第一章. 誰の絵にも映らない
Z 不安と勇気

「おーい、ティア! あまりはしゃぎすぎるなよ!! 」

ティア、もといラティアスは、とてもはしゃいでいる。
それもそのはず。私の性格と事情からして、こんな所には来ることはない。
でも今日は特別。ラティアスを独りにするのはかわいそうだし、そんな事を言っていたらサトシ君が黙っているわけがないから。
名前はティア。私と瓜二つの双子ということにしている。
ただ、しゃべれないのが問題点。サトシ君は「それは……なんとかする!! 」と言い張っていたけれど、本当に大丈夫なのかしら。

「おーい、聞いてるか? カノン 」

「えっ? 」

「ティアのやつ、楽しそうでよかったなって…… 」

とてもサトシ君らしい。いつもポケモンの事を一番に思っいる。そんな所に魅かれるが、逆に嫉妬もしてしまう。

「う、うん 」

「どうした? 」

考えながら、曖昧な返事をしてしまう。

「いや……でもちょっと心配だなって 」

「ああ。でもさすがに、はしゃぎすぎて転けたりはしないだろ 」

その事じゃないっ!! というか、サトシ君は個人の感覚でそれを言ってるような……。あの格好意外と歩きにくいんだよ?

「ていうかそっちじゃなくて 」

「? 」

「何かの拍子で変身が解けたりしないかなって 」

「うーん………あっ 」

その「あっ 」と言ったサトシ君の視線の先を見る。
あっ……ティアが、早速転けてる!!

「ティア!! 」

サトシ君と私は慌てて彼女のもとへ向かった。
正体がバレては祭りどころではないからだ。

「あなた、大丈夫? ってカノン? 」

ラティアスに優しく手を差し伸べる女性……あれは!?

「カスミ!! 」
「カスミさん!! 」


「サトシ、カノン? 」

***

「へぇー、ふたりがデートねぇ 」

少し人混みから外れた静かなところで、サトシ君ははカスミさんに今までの事を告げる。

「あははは…… 」

私は照れ隠しに微笑することしかできない。

「そういえば、カスミはどうしてアルトマーレに? 」

サトシ君が問う。

「ん? いや、ちょっと気分転換。ここの水ポケモンたちを見てると癒されるから 」

「そういやここ、水の都だもんな 」

「で、この祭りが終わったら、ふたりはどうするの? 」

「アーシア島に行くよ。ルギアなら何か知ってそうだし……そういうカスミはどうするんだよ? 」

そうサトシ君が問うと、カスミさんは少し考えて答える。

「うーん。もう少しここにいよかな 」

その曖昧な返事に、私は少し引っかかった。

「もしかしてカスミさん……なにか大きな悩み事が 」

「いや、大した事ないよ……ただ 」

「ただ? 」

「なにか……悪いことが起こりそうな気がするの 」

「悪いことが…… 」

「たぶん日頃のストレスのせいだと思うの……だから、大したことはないよ 」

カスミさんが言う悪いこと……確かに普通なら気にすることじゃないけど、私も、もしかしたら本当にそうなるんじゃないかと思ってしまう。

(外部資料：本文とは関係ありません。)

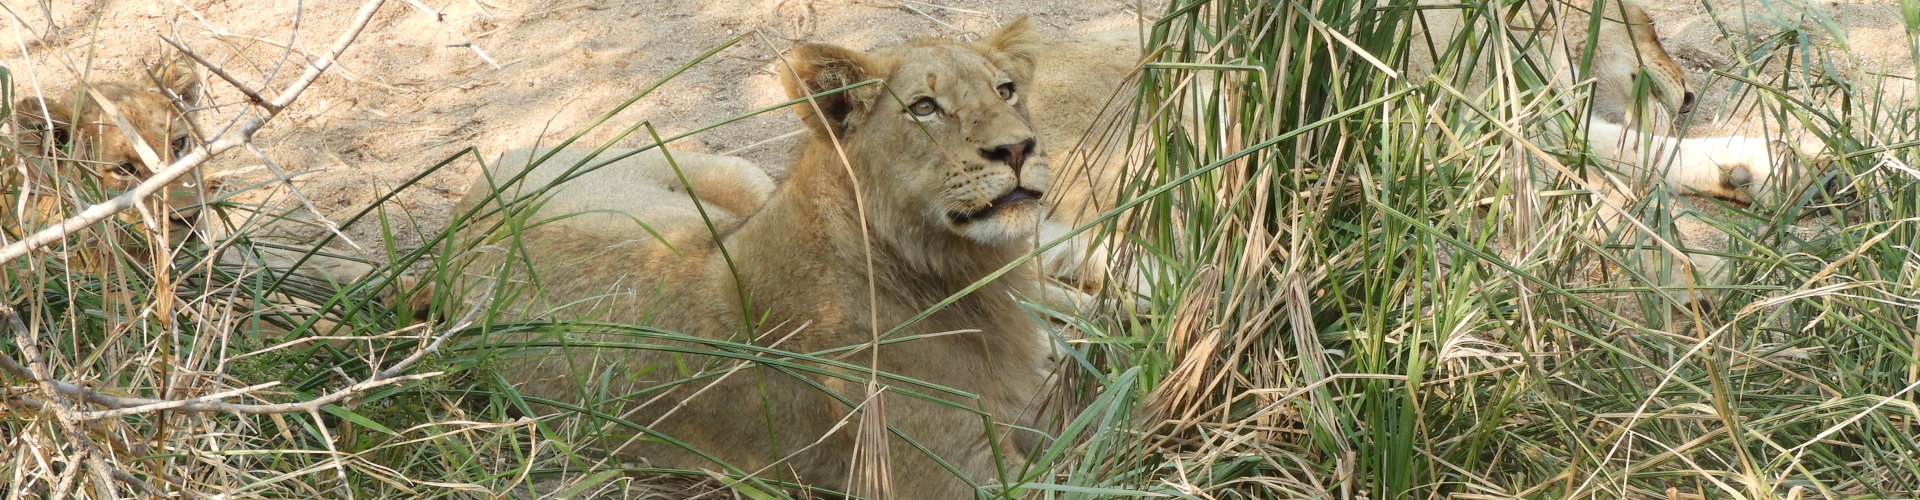 leeuwen safari zuid-afrika

「カスミが大したことないってんなら問題はないな! 」

一方、サトシは呑気に言う。

『クゥゥゥウウウン 』

「あ、こらラティアス 」

ラティアスはサトシに甘えてのしかかった。

「っ────!!! 」

その時私には……サトシ君の影が、ラティオスのようにに見えたのだ。
そしてなぜだか、透き通った雫が私の頬を滑り落ちた。

「行くぞカノン!! 」

その声で我に返る。雫も消えた。
ふたたび3人で、ラティアスとピカチュウも含めて5人で、人混みへと戻る。

***


幸せに満ちていた私の心に、ひとつの不安が芽生えた。なにか本当に悪いことが起こりそうな気がして……
でも、いつまでも怖がってはいられない。だから────

「サトシ君!! 」

花火を楽しげに見る彼に────

「? どうした? カノン 」

最後の確認を────

「どんなに怖いことがあっても、ずっと私のそばにいてくれる? 」

「あたりまえだろ。ひとりぼっちにしないって、約束したじゃないか 」

分かりきっていた答え。でもそれが、私に勇気を与えてくれた。